Here’s where it gets complicated. The accuracy of any knowledge you extract from code depends on something that has nothing to do with the extraction tool. It depends on organizational distance — how far removed the developers were from the people the code was meant to serve.

When developers work closely with customers — hearing their language, sitting in on support calls, understanding what frustrates them — the code tends to reflect customer reality faithfully. Naming stays close to the domain. Workflows map to what people actually do. Knowledge extracted from that codebase is reasonably trustworthy.

When developers are held at a distance — buffered by product management layers, requirements translated through multiple handoffs, process assumptions that serve the org chart more than the user — the code reflects the organization’s understanding of the customer. Which may have diverged considerably. Naming drifts toward internal jargon. Workflows encode organizational process, not user behavior.

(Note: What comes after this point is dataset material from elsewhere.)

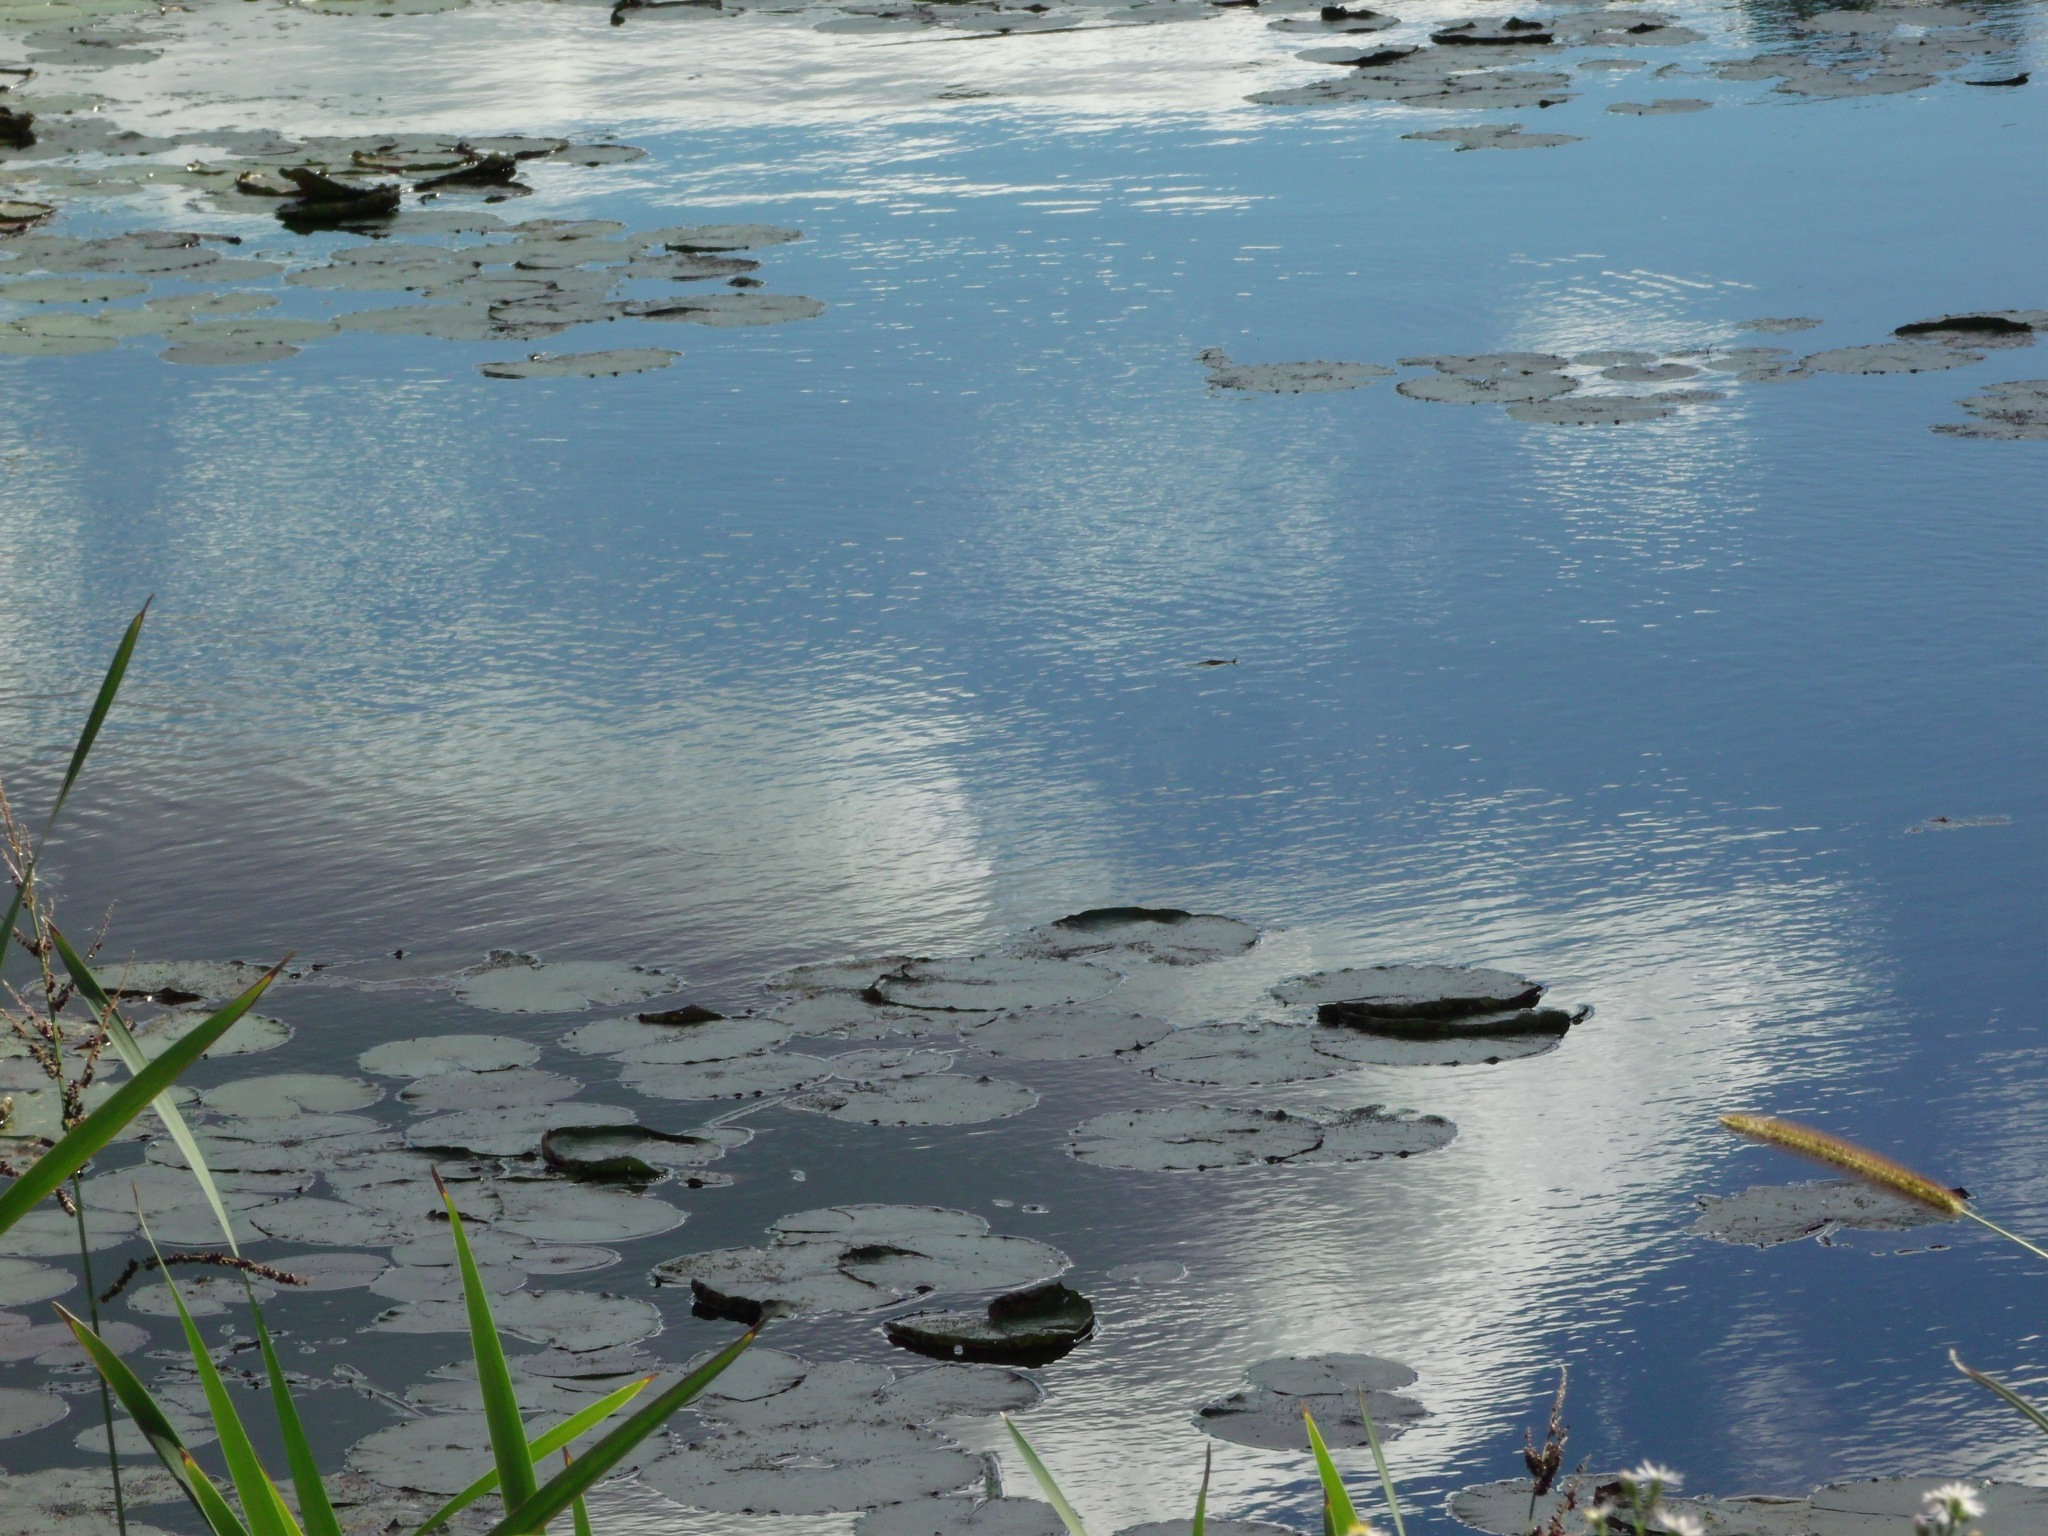 Marsh in September by Stacey J. Cunningham

I saw this pattern over and over in consulting engagements. The teams closest to their customers wrote code I could read and immediately understand who it was for. The teams furthest away wrote code that made perfect sense internally but mapped to a customer that didn’t quite exist — an idealized composite that had drifted from anyone real.

The greater this distance, the more cross-referencing against other sources is required — product docs, support tickets, customer research, analytics, marketing materials. Each additional source constrains the inference space. And this is exactly the kind of cross-referencing that no human will do manually. Who’s going to walk the correlations between a codebase’s entity model, the support team’s ticket taxonomy, the product team’s roadmap language, and the marketing site’s persona descriptions? That volume of bookkeeping is what these tools are actually good at.

Organizational distance makes accurate extraction harder. But it makes the case for doing it stronger, not weaker.

Drift as Diagnostic

Here’s the part I find most useful: the drift itself is a finding.

When extracted knowledge diverges significantly from what other sources say, that divergence is diagnostic. A codebase that models three user types when the support team talks about seven is telling you something important — not about the code, but about the organization. It’s revealing where the internal model has separated from customer reality.

We tend to treat these divergences as bugs to fix. They’re more useful as maps. The gap between what the code believes and what the customers experience is a map of organizational blind spots — and making that gap visible is the precondition for doing anything about it.

Where the extraction itself is uncertain — where the agent can read the code but can’t confidently infer what it means — the uncertainty is a signal too. It usually points at the places where knowledge has been lost: the original developers are gone, the domain has shifted, or the code was written to satisfy an organizational requirement rather than a customer need.

Code encodes the decisions that were made, not necessarily the decisions that should have been made. Making those decisions visible — and seeing clearly where they’ve diverged from the world they were meant to serve — is where the real work begins.